PROBLEM TO SOLVE: Please give all of the data again, character for character, and drop the pictures.

RAW DATA:
━━━━━━
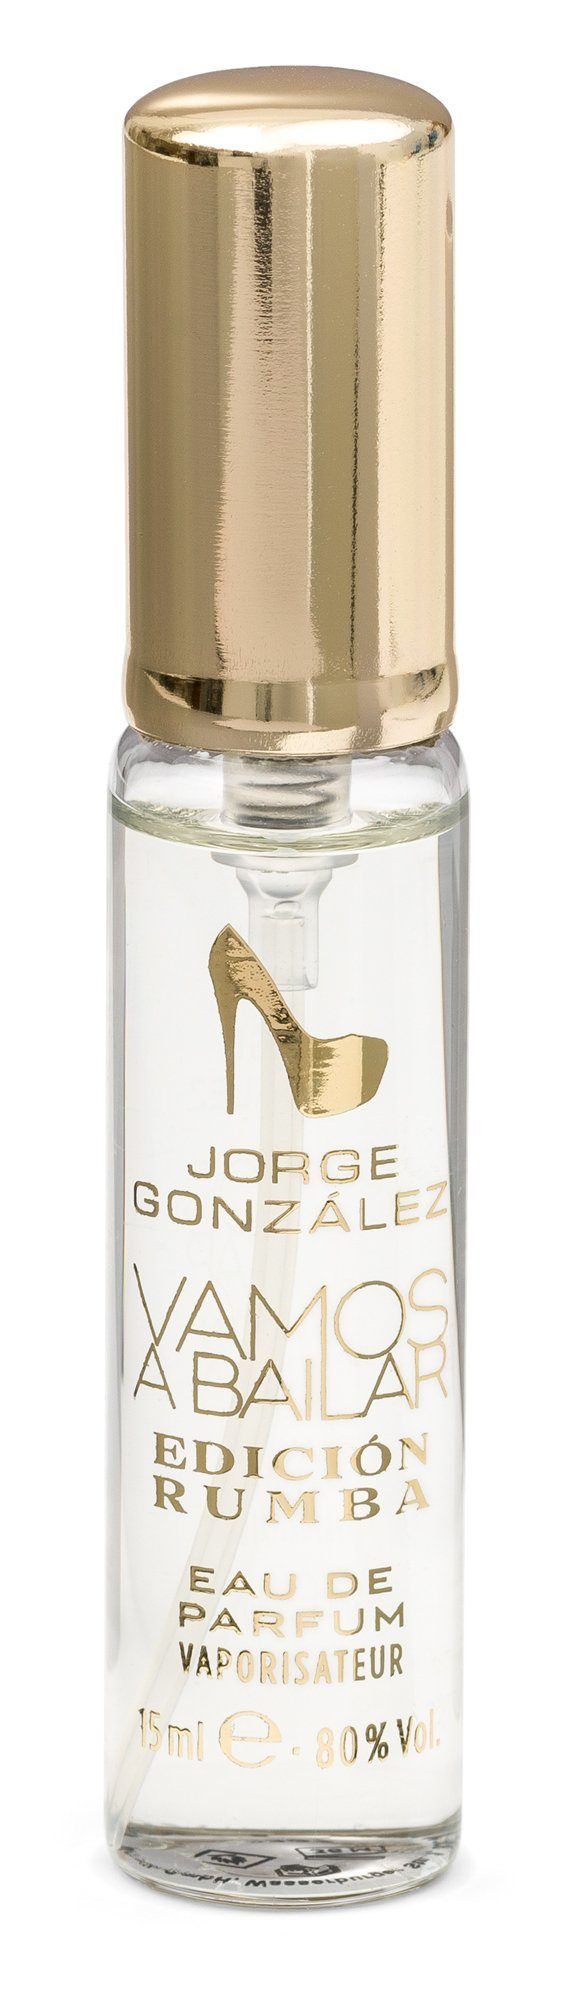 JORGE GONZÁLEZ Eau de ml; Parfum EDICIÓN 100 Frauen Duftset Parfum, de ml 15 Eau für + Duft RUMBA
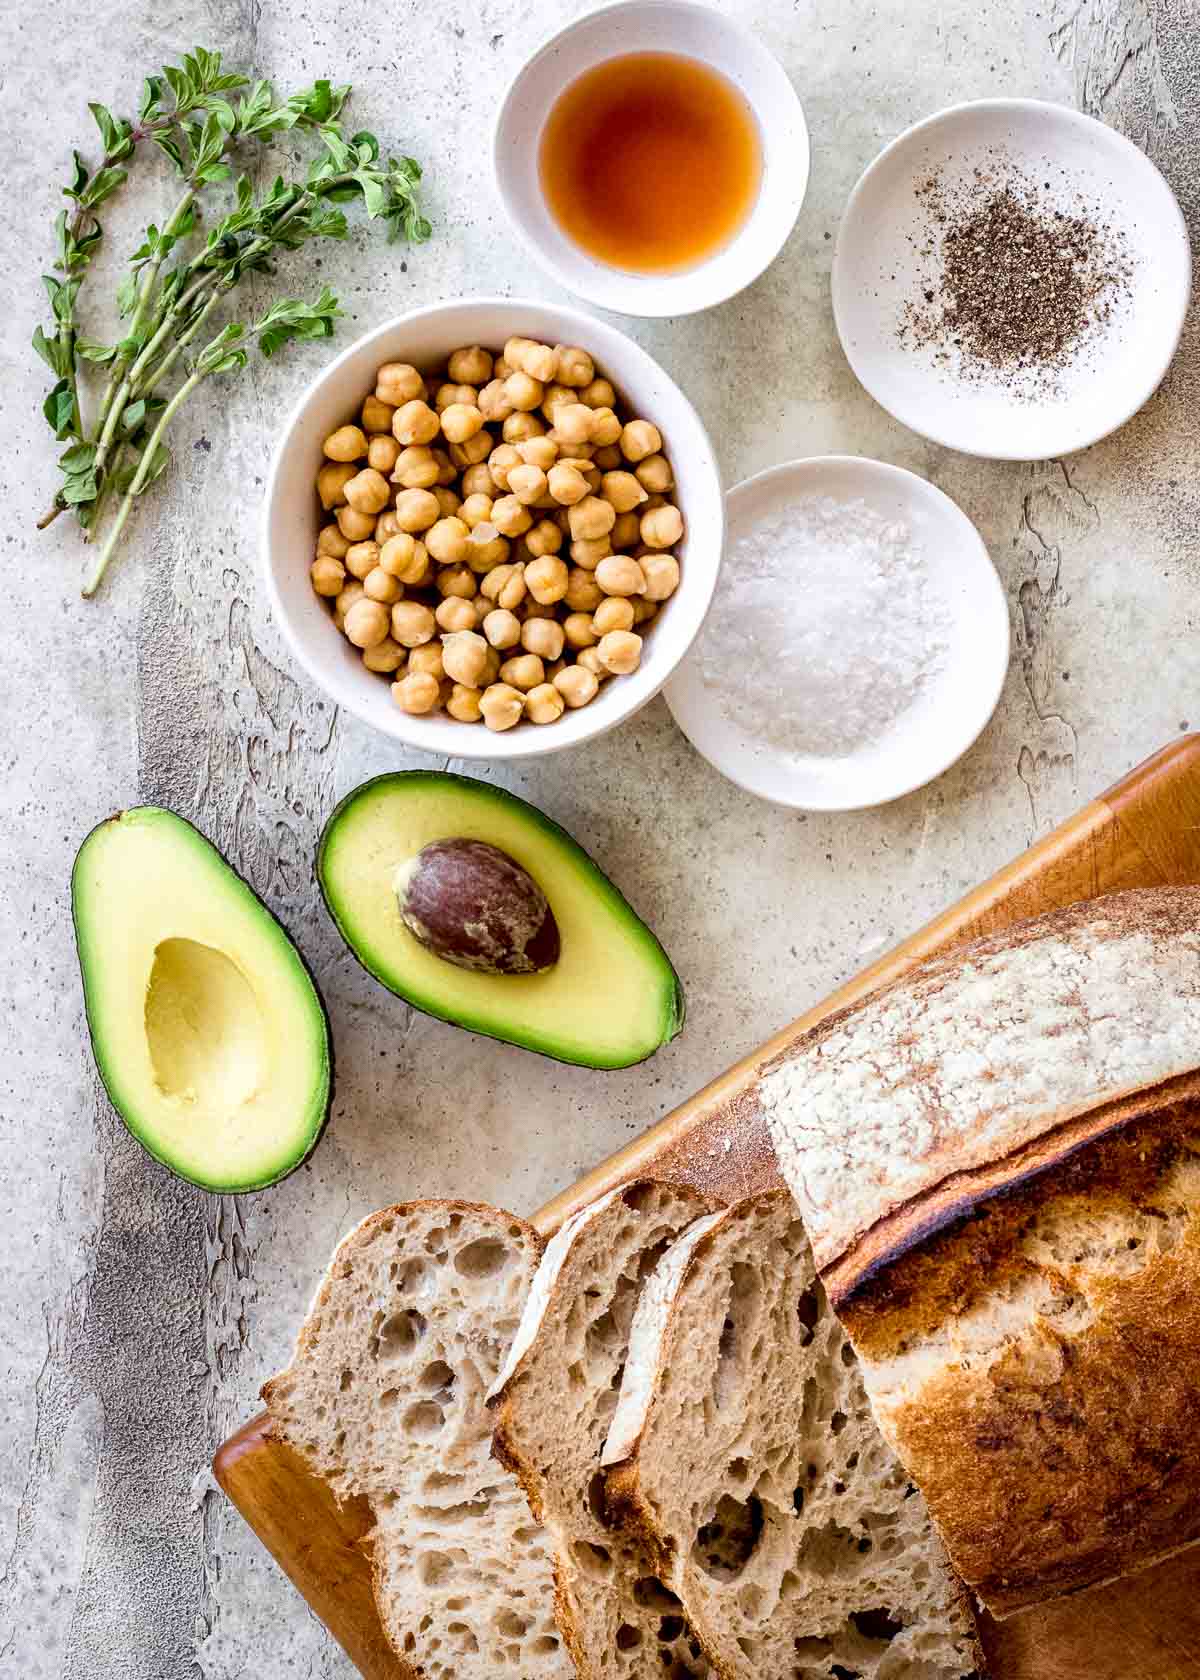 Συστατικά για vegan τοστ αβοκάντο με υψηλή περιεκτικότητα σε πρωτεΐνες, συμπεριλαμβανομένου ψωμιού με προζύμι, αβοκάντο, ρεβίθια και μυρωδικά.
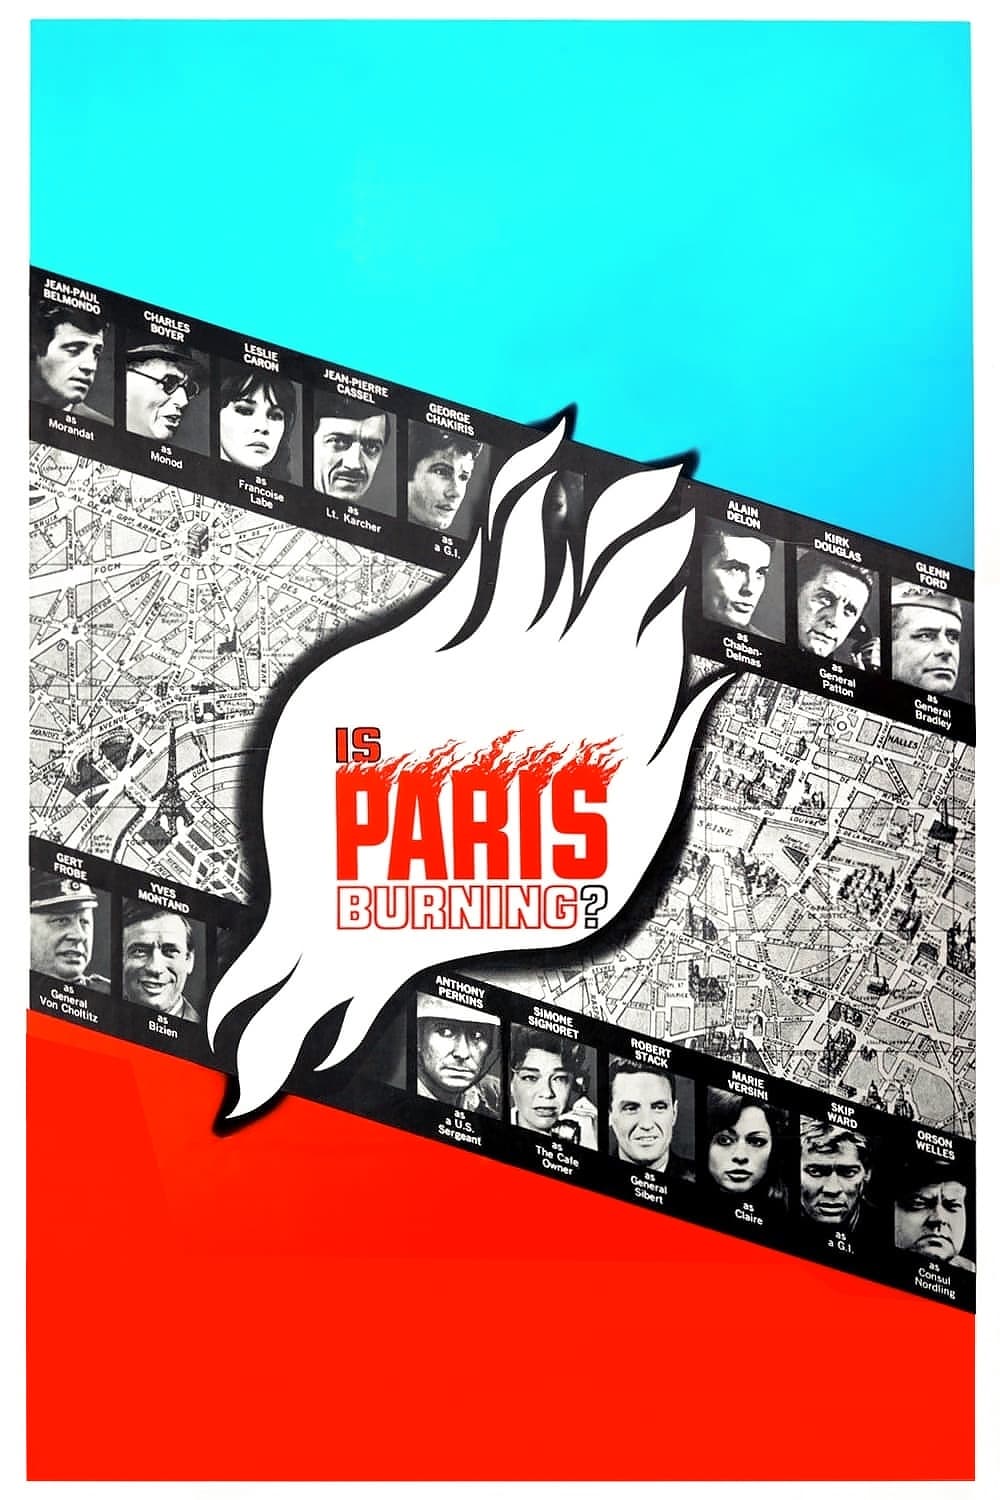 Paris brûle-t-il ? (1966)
━━━━━━
SOLUTION:
 JORGE GONZÁLEZ Eau de ml; Parfum EDICIÓN 100 Frauen Duftset Parfum, de ml 15 Eau für + Duft RUMBA
 Συστατικά για vegan τοστ αβοκάντο με υψηλή περιεκτικότητα σε πρωτεΐνες, συμπεριλαμβανομένου ψωμιού με προζύμι, αβοκάντο, ρεβίθια και μυρωδικά.
 Paris brûle-t-il ? (1966)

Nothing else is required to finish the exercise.